From: Robert Haas <robertmhaas(at)gmail(dot)com>
To: Tom Lane <tgl(at)sss(dot)pgh(dot)pa(dot)us>
Cc: Thomas Munro <thomas(dot)munro(at)gmail(dot)com>, Andrew Dunstan <andrew(at)dunslane(dot)net>, Andres Freund <andres(at)anarazel(dot)de>, pgsql-hackers <pgsql-hackers(at)postgresql(dot)org>
Subject: Re: Cleaning up historical portability baggage
Date: 2022-08-05 14:37:50
Message-ID: CA+Tgmob_5AUNCzyFGJX6quYSnQnKCHW6DGGJa1noofJqSu+weg@mail.gmail.com
Views: Raw Message | Whole Thread | Download mbox | Resend email
Thread:
Lists: pgsql-hackers

On Sat, Jul 23, 2022 at 8:23 PM Tom Lane <tgl(at)sss(dot)pgh(dot)pa(dot)us> wrote:
> More generally, I'm not exactly convinced that changes like
> this are a readability improvement:
>
> -#ifdef HAVE_SETSID
> +#ifndef WIN32
>
> I'd rather not have the code cluttered with a sea of
> indistinguishable "#ifndef WIN32" tests when some of them could be
> more specific and more mnemonic.

I can see both sides of this issue. On the one hand, if there's a
large chunk of code that's surrounded by #ifndef WIN32, then it might
not be clear to the casual observer that the block of code in question
is working around the lack of setsid() rather than some other
Windows-specific weirdness. Comments can help with that, though. On
the other hand, to me, seeing HAVE_SETSID makes me think that we're
dealing with a configure probe, and that I might have to worry about
UNIX-like systems not having support for that primitive. If it says
WIN32, then I know that's all we're talking about, and that's clearer.

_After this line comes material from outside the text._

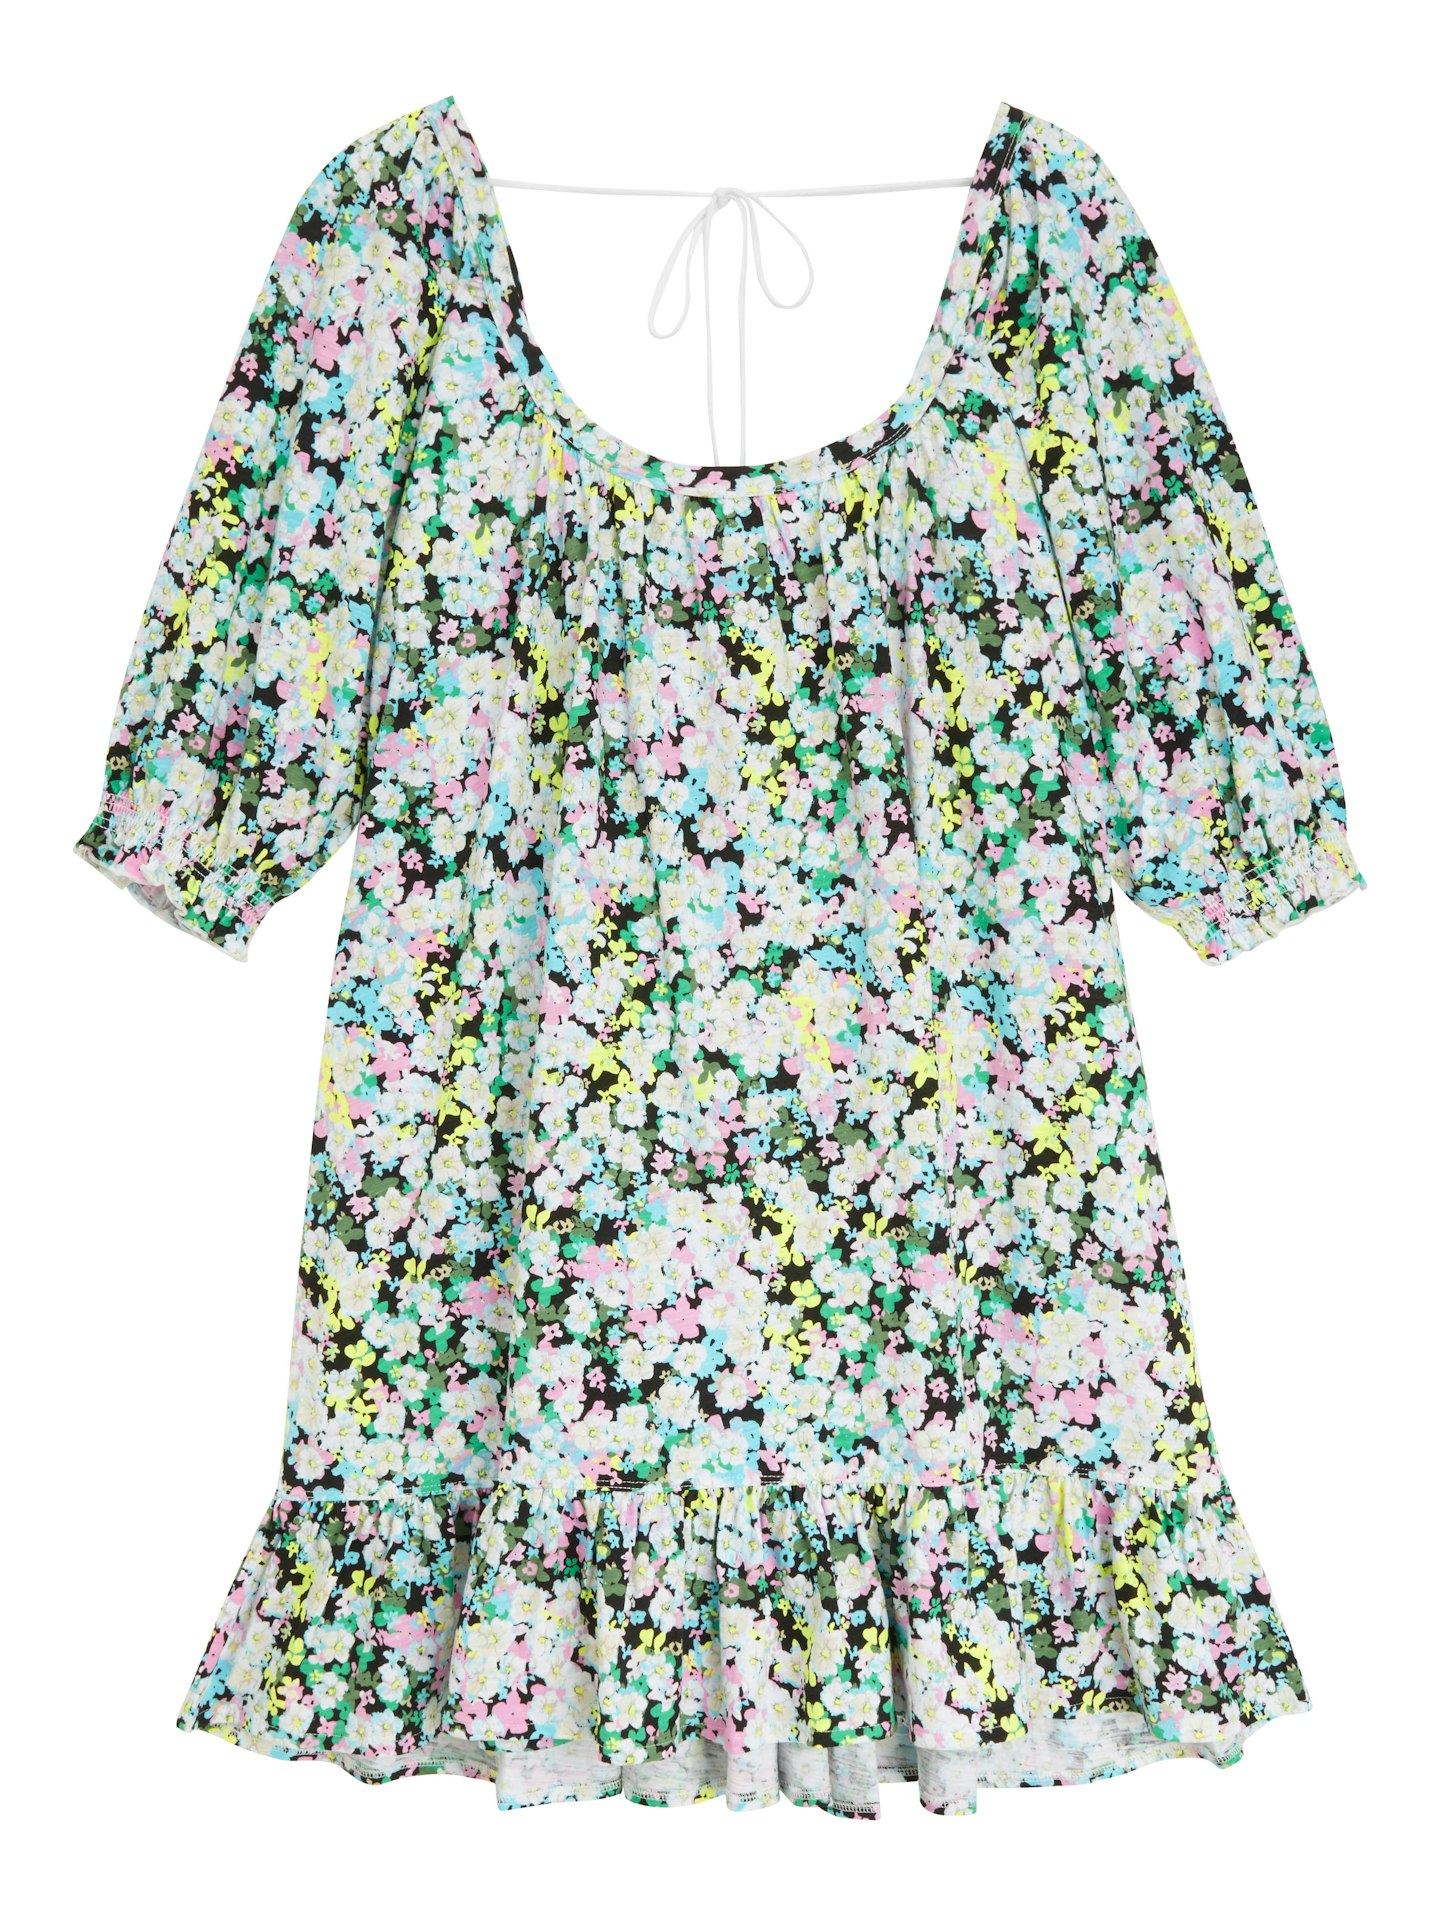 AND/OR, Jodie Daisy Print Cotton Jersey Dress, £49

Looking at a HAVE_SETSID specifically, they seem to fall into three
different categories. First, there's a couple of places that look
roughly like this:

#ifdef HAVE_SETSID
if (setsid() < 0)
elog(FATAL, "setsid() failed: %m");
#endif

I don't think that changing this to WIN32 would confuse anybody.
Surely it's obvious that the WIN32 test is about setsid(), because
that's the only code in the block.

Then there are a couple of places that look like this:

/*
* If we have setsid(), signal the backend's whole process
* group
*/
#ifdef HAVE_SETSID
(void) kill(-pid, SIGTERM);
#else
(void) kill(pid, SIGTERM);
#endif

I think it would be clear enough to adopt a WIN32 test here if we also
adjusted the comment, e.g. "All non-Windows systems supported process
groups, and on such systems, we want to signal the entire group." But
I think there might be an even better option. On Windows, kill is
anyway getting defined to pgkill, and our version of pgkill is defined
to return EINVAL if you pass it a negative number. Why don't we just
have it change a negative value into a positive one? Then we can drop
all this conditional logic in the callers, who can just do (void)
kill(-pid, SIGWHATEVER) and we should be fine. On a quick look, it
appears to me that every call site that passes non-constant second
argument to kill() would be happy with this change to pgkill().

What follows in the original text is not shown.